Как видим, императорские вопросы становятся почти что частью придворного этикета, если не реального, то во всяком случае литературного. В научном трактате, написанном при дворе, следует постараться увидеть этот литературный этикет. Михаила Скота нельзя считать особым новатором в том, что он стимулирует любознательность государя. Скорее всего, он следует хорошо ему знакомой псевдоаристотелевской «Тайной тайных»: «Королю следует уважать знатоков законов, почитать священников, превозносить ученых, общаться с ними, выдвигать сложные вопросы, расспрашивать честным образом, скромно отвечать, самых ученых и благородных почитать особо, согласно статусу каждого»[159]. Но и банальным его призыв не назовешь, потому что далеко не все интеллектуалы и проповедники в те годы считали занятия наукой достойным делом государя, от которого ждали, напомню, мира и правосудия, а не философии. Не следует забывать, что сознательный клир считал образование и науку в целом своей прерогативой, оберегал ее так же ревниво, как сегодня соответствующие министерства.

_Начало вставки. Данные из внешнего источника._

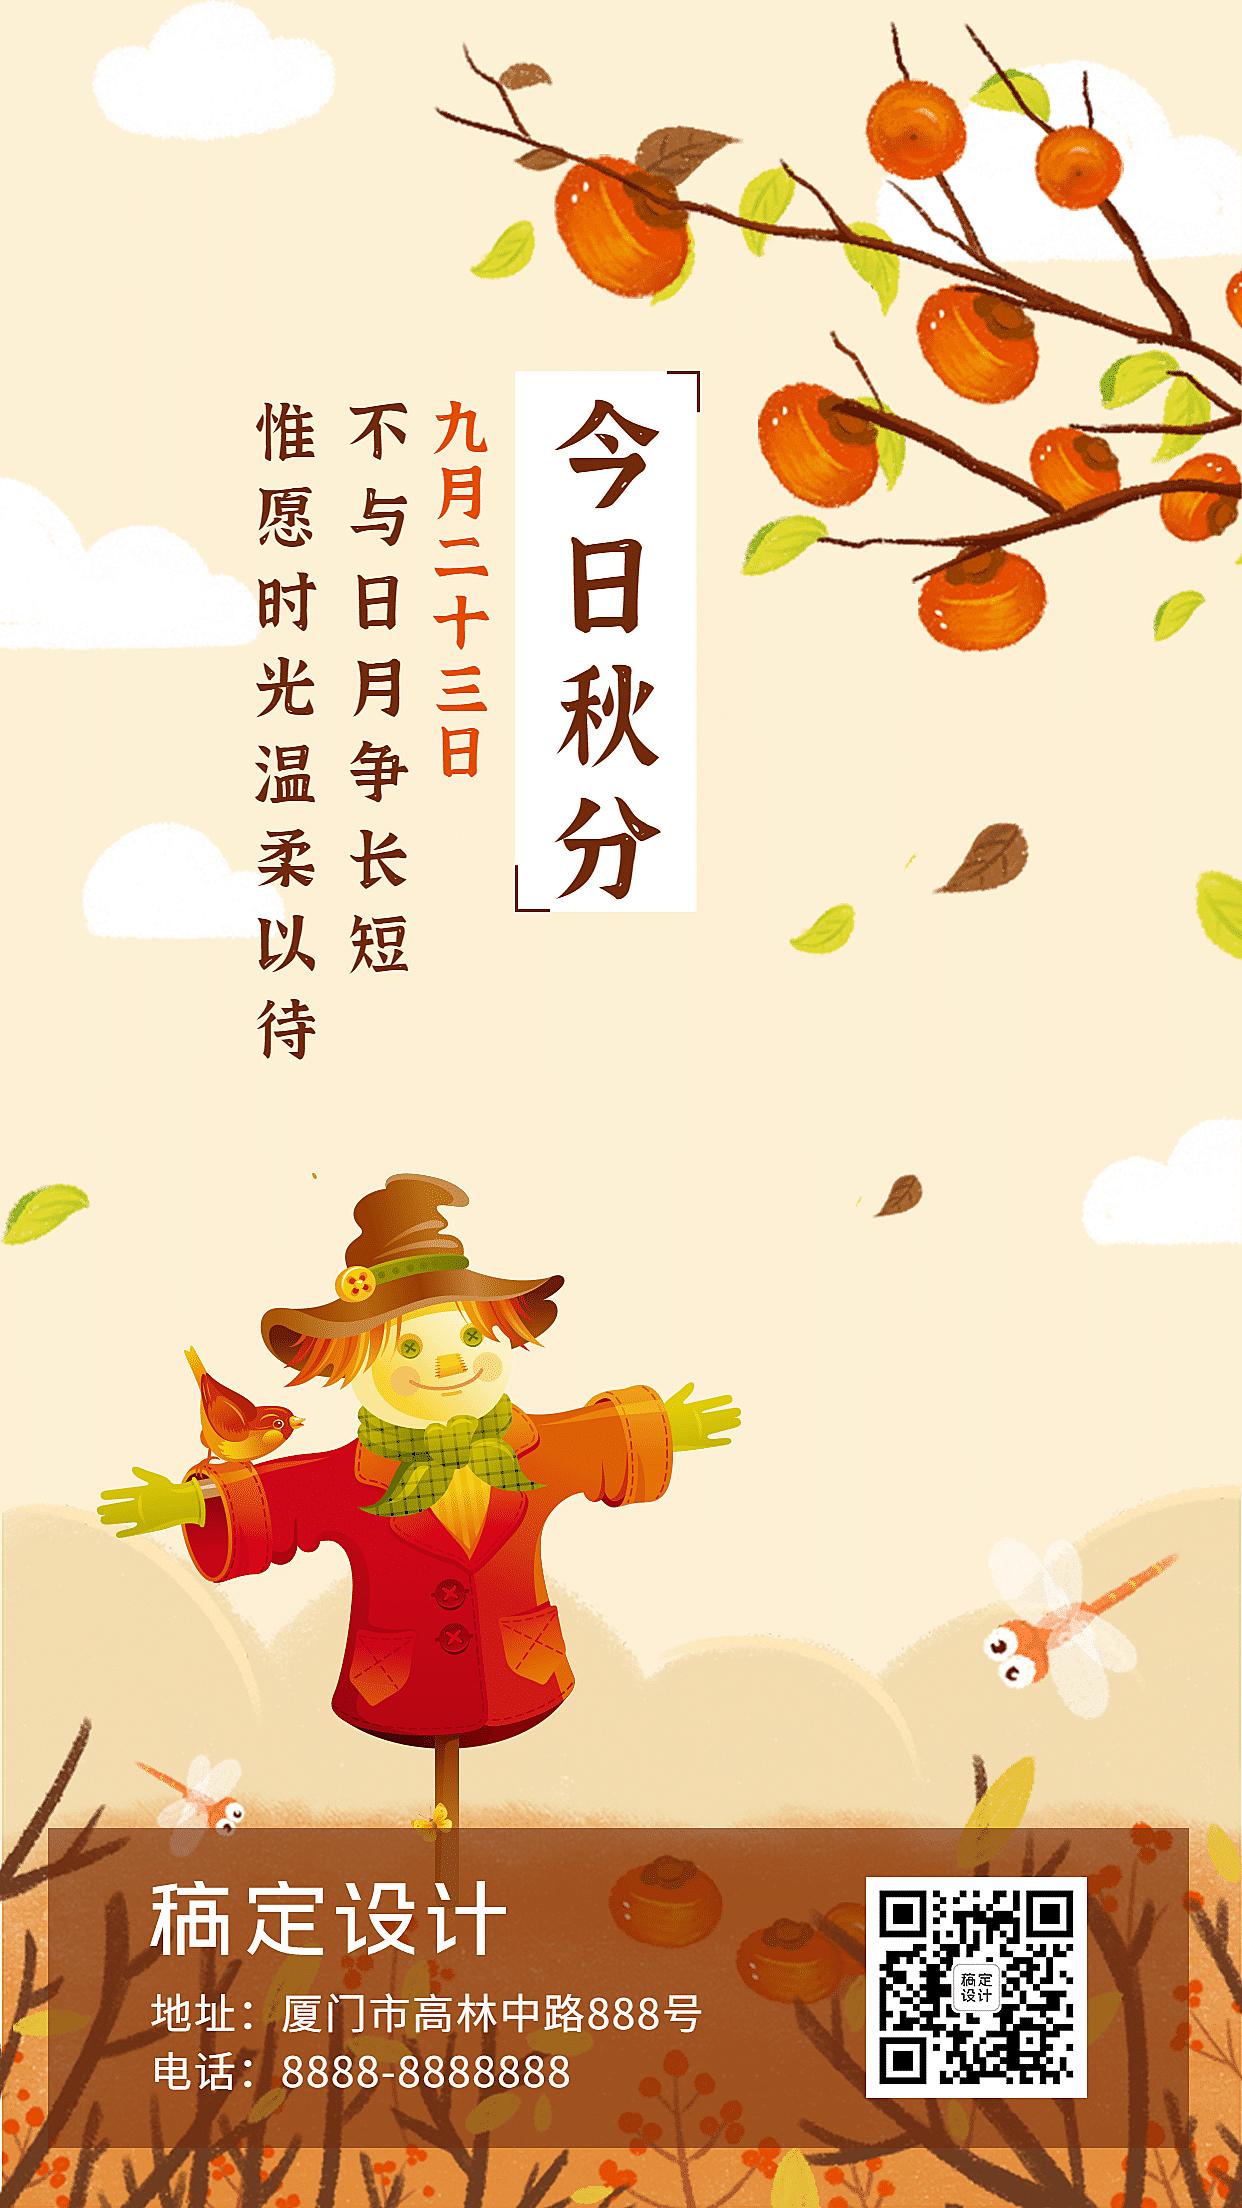 秋分节气秋天你好早安节日手机海报
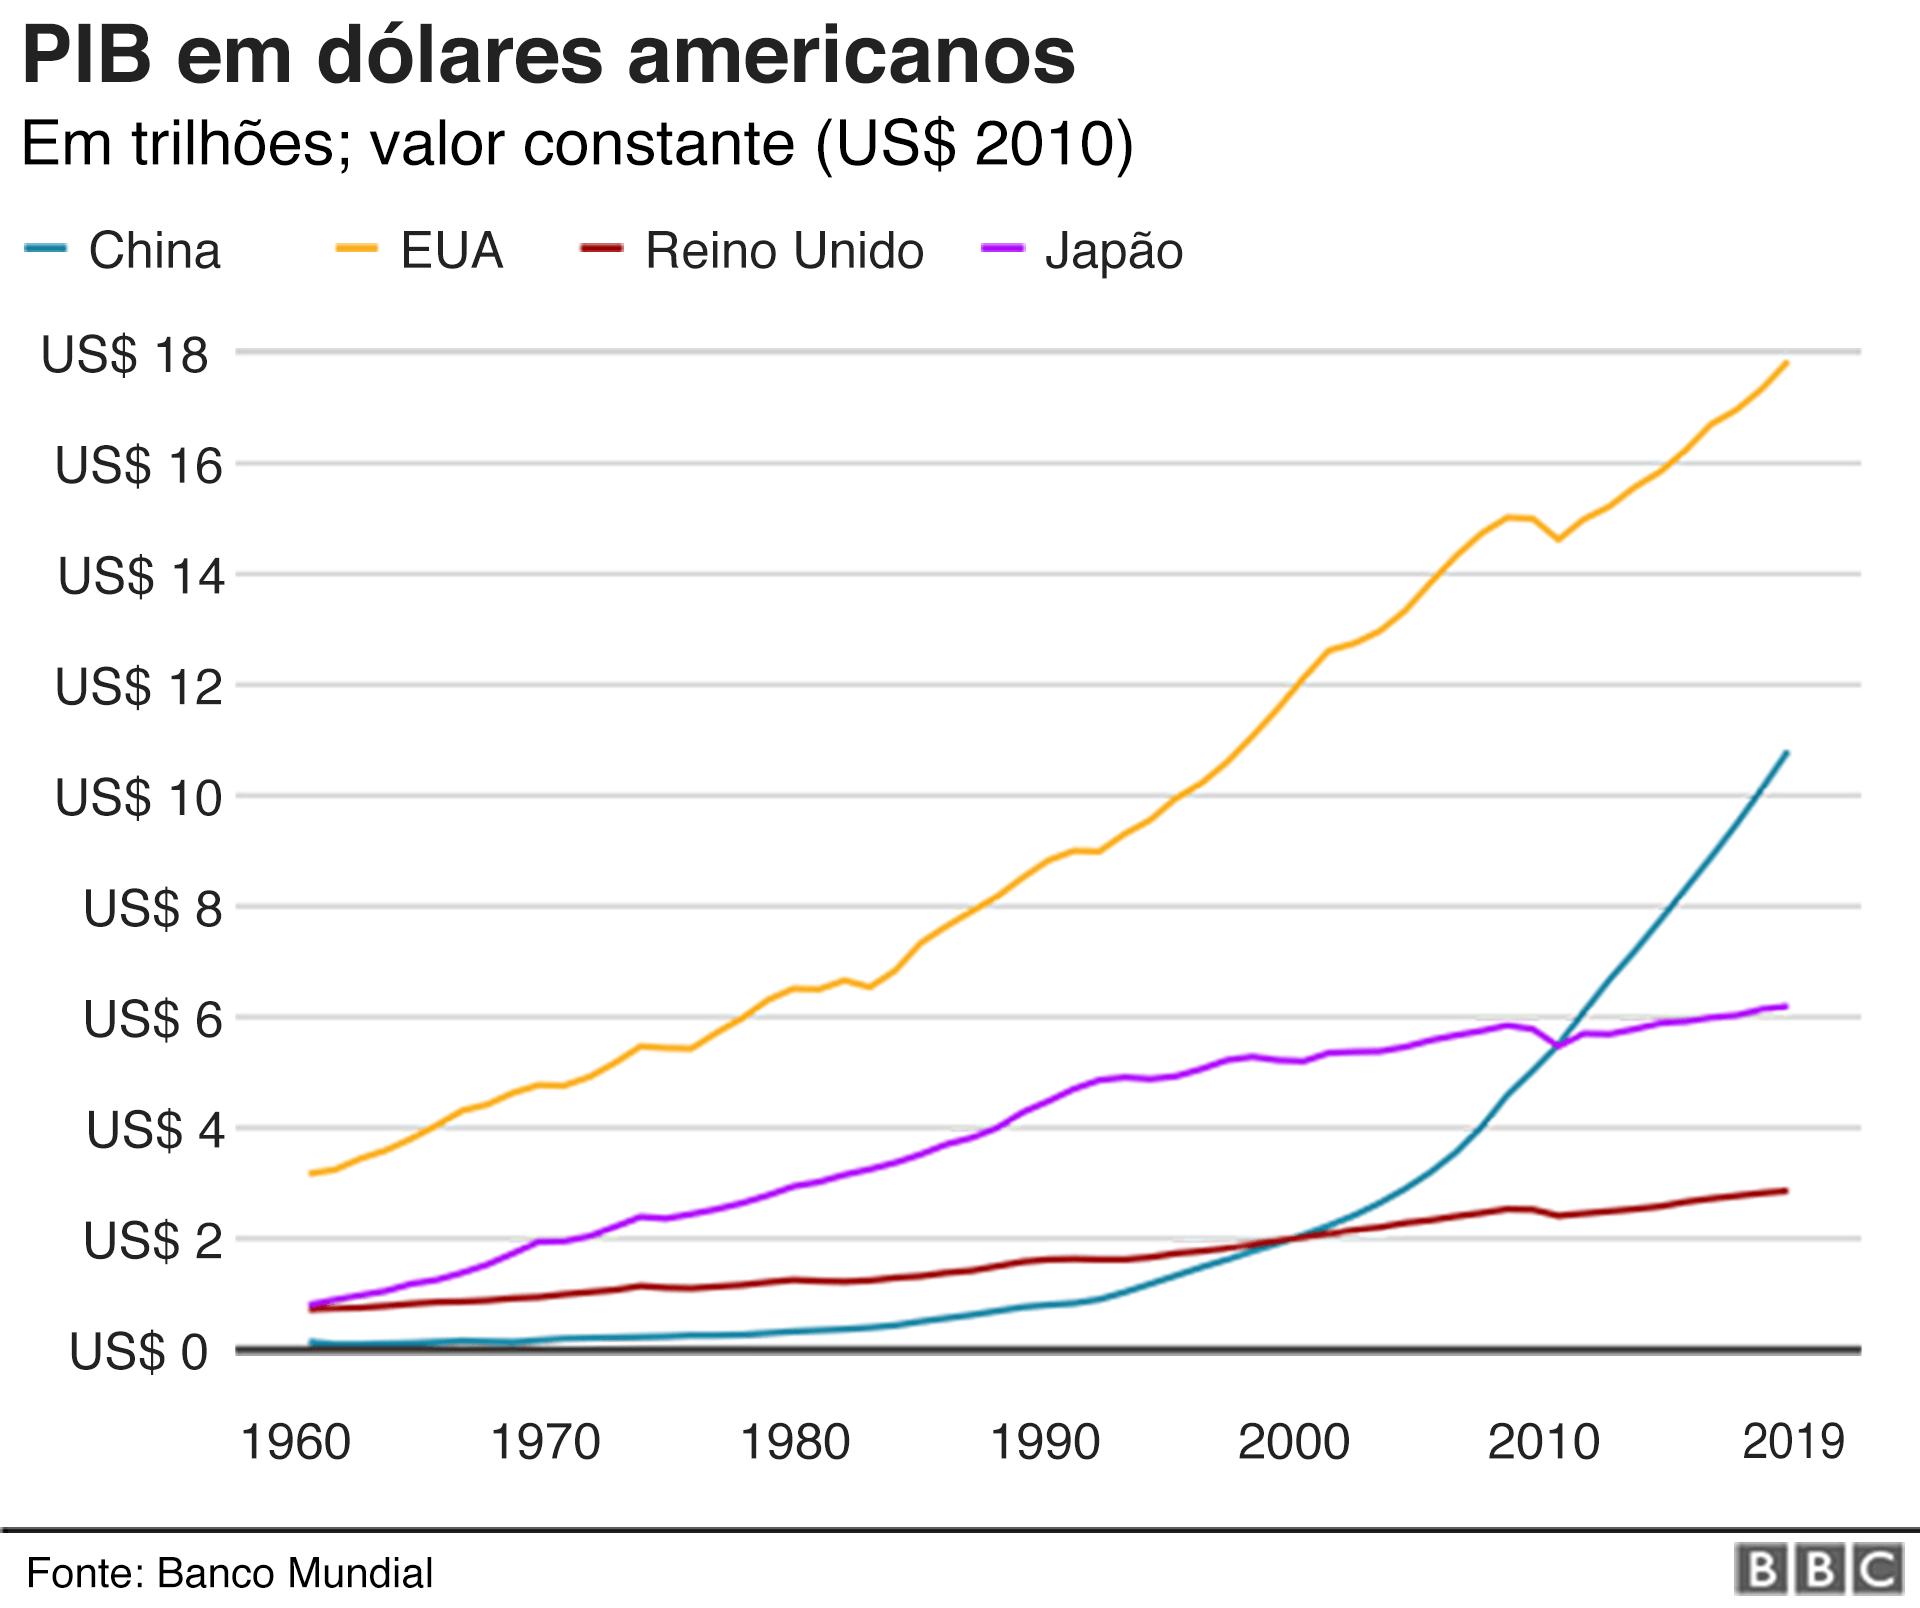 Gráfico compara crescimento do PIB da China com EUA, Reino Unido e Japão

Безусловно, Михаил Скот присоединился к Фридриху II потому, что этот монарх во многом соответствовал той модели просвещенного государя, в которой так нуждались европейские интеллектуалы со времен Иоанна Солсберийского, писавшего в середине XII века, что «необразованный король подобен коронованному ослу»[160]. Однако Михаил и сам создает образ своего монарха, он подсказывает ему вопросы, подобающие императору. Что в них — его личный интерес, а что — дань литературным, идеологическим канонам, отразившимся и в сознании Михаила Скота, и в сознании Фридриха II?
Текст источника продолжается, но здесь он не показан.